The Cu2+ ion can be separated from Ag+,
Ca2+, and K+ in aqueous solution by
1. precipitation of Cu2+ as Cu(OH)2(s) with
6 M NaOH(aq).
2. precipitation of Ag+, Ca2+, and K+ as
the carbonates.
3. None of these procedures will separate
Cu2+ from the other ions.
4. precipitation of Cu2+ as CuCl2(s) with 6
M HCl(aq).
5. precipitation of Cu2+ as CuS(s) at pH 1.
The Cu2+ ion can be separated from Ag+,
Ca2+, and K+ in aqueous solution by
1. precipitation of Cu2+ as Cu(OH)2(s) with 6 M NaOH(aq).
Cu(OH)2 will ppt but so will Ag(OH)2/Ag2O.
2. precipitation of Ag+, Ca2+, and K+ as
the carbonates.
CuCO3 will ppt with Ag2CO3 and K^+ will not\
3. None of these procedures will separateCu2+ from the other ions.
I think this is the best answer.
4. precipitation of Cu2+ as CuCl2(s) with 6 M HCl(aq).
Absolutely not. CuCl2 is soluble.
5. precipitation of Cu2+ as CuS(s) at pH 1.
The solubility of Ag2S and CuS are more or less the same at pH=1 so that will not separate the two.
6. By telling them a really bad joke and hoping they leave the solution out of sheer disappointment.
The option that can separate the Cu2+ ion from Ag+, Ca2+, and K+ in aqueous solution is:
1. Precipitation of Cu2+ as Cu(OH)2(s) with 6 M NaOH(aq).

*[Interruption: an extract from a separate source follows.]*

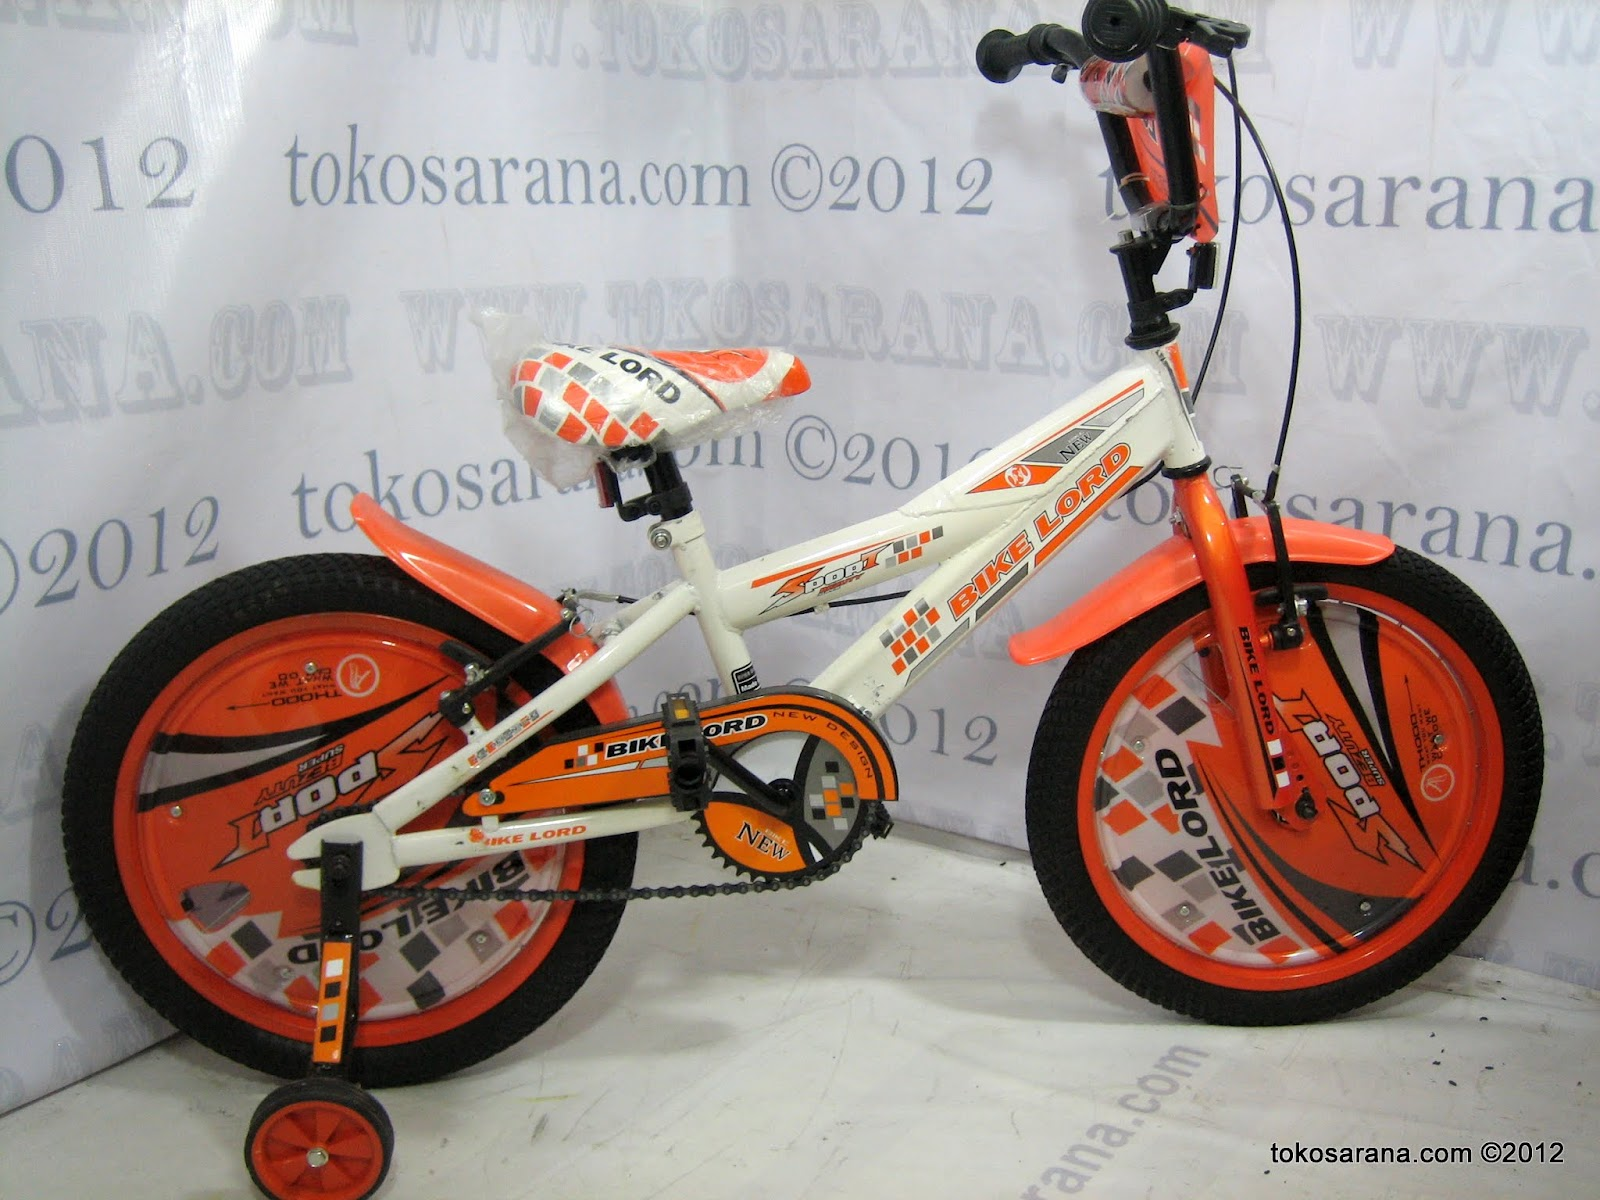 TokosaranaTMJakarta Jatinegara Sepeda Anak Bike Lord 1809W

This method takes advantage of the low solubility of Cu(OH)2 compared to the other metal hydroxides. When 6 M NaOH(aq) is added to the solution, Cu2+ ions will react with hydroxide ions to form Cu(OH)2 precipitation, while Ag+, Ca2+, and K+ ions will remain in solution as their corresponding hydroxides are more soluble. This precipitation allows for the separation of Cu2+ ion from the other ions.
To determine which procedure can separate the Cu2+ ion from Ag+, Ca2+, and K+ in aqueous solution, we need to consider the solubility of the compounds formed during the reactions. Let's break down each option:
1. Precipitation of Cu2+ as Cu(OH)2(s) with 6 M NaOH(aq):
To see if Cu2+ can be separated from the other ions, we need to check the solubilities of the resulting compounds. Cu(OH)2 is sparingly soluble, while AgOH, Ca(OH)2, and KOH are more soluble. Therefore, this procedure will not separate Cu2+ from the other ions.
2. Precipitation of Ag+, Ca2+, and K+ as the carbonates:
Similarly, we need to compare the solubilities of the carbonates formed. Ag2CO3 is slightly soluble, CaCO3 is moderately soluble, and K2CO3 is highly soluble. Once again, this procedure will not separate Cu2+ from the other ions.
3. None of these procedures will separate Cu2+ from the other ions:
This option suggests that none of the given procedures can separate Cu2+ from Ag+, Ca2+, and K+. However, we need to verify this statement based on the solubilities of the compounds formed during each reaction.
4. Precipitation of Cu2+ as CuCl2(s) with 6 M HCl(aq):
To determine the solubility of CuCl2, we need to consult a solubility table. According to the table, CuCl2 is soluble in water. This procedure will not separate Cu2+ from the other ions either.
5. Precipitation of Cu2+ as CuS(s) at pH 1:
Again, let's refer to a solubility table to check CuS's solubility. CuS is insoluble in water, so this procedure is capable of separating Cu2+ from Ag+, Ca2+, and K+ in aqueous solution.
Therefore, option 5, precipitation of Cu2+ as CuS(s) at pH 1, is the correct procedure to separate Cu2+ from Ag+, Ca2+, and K+ ions in the given solution.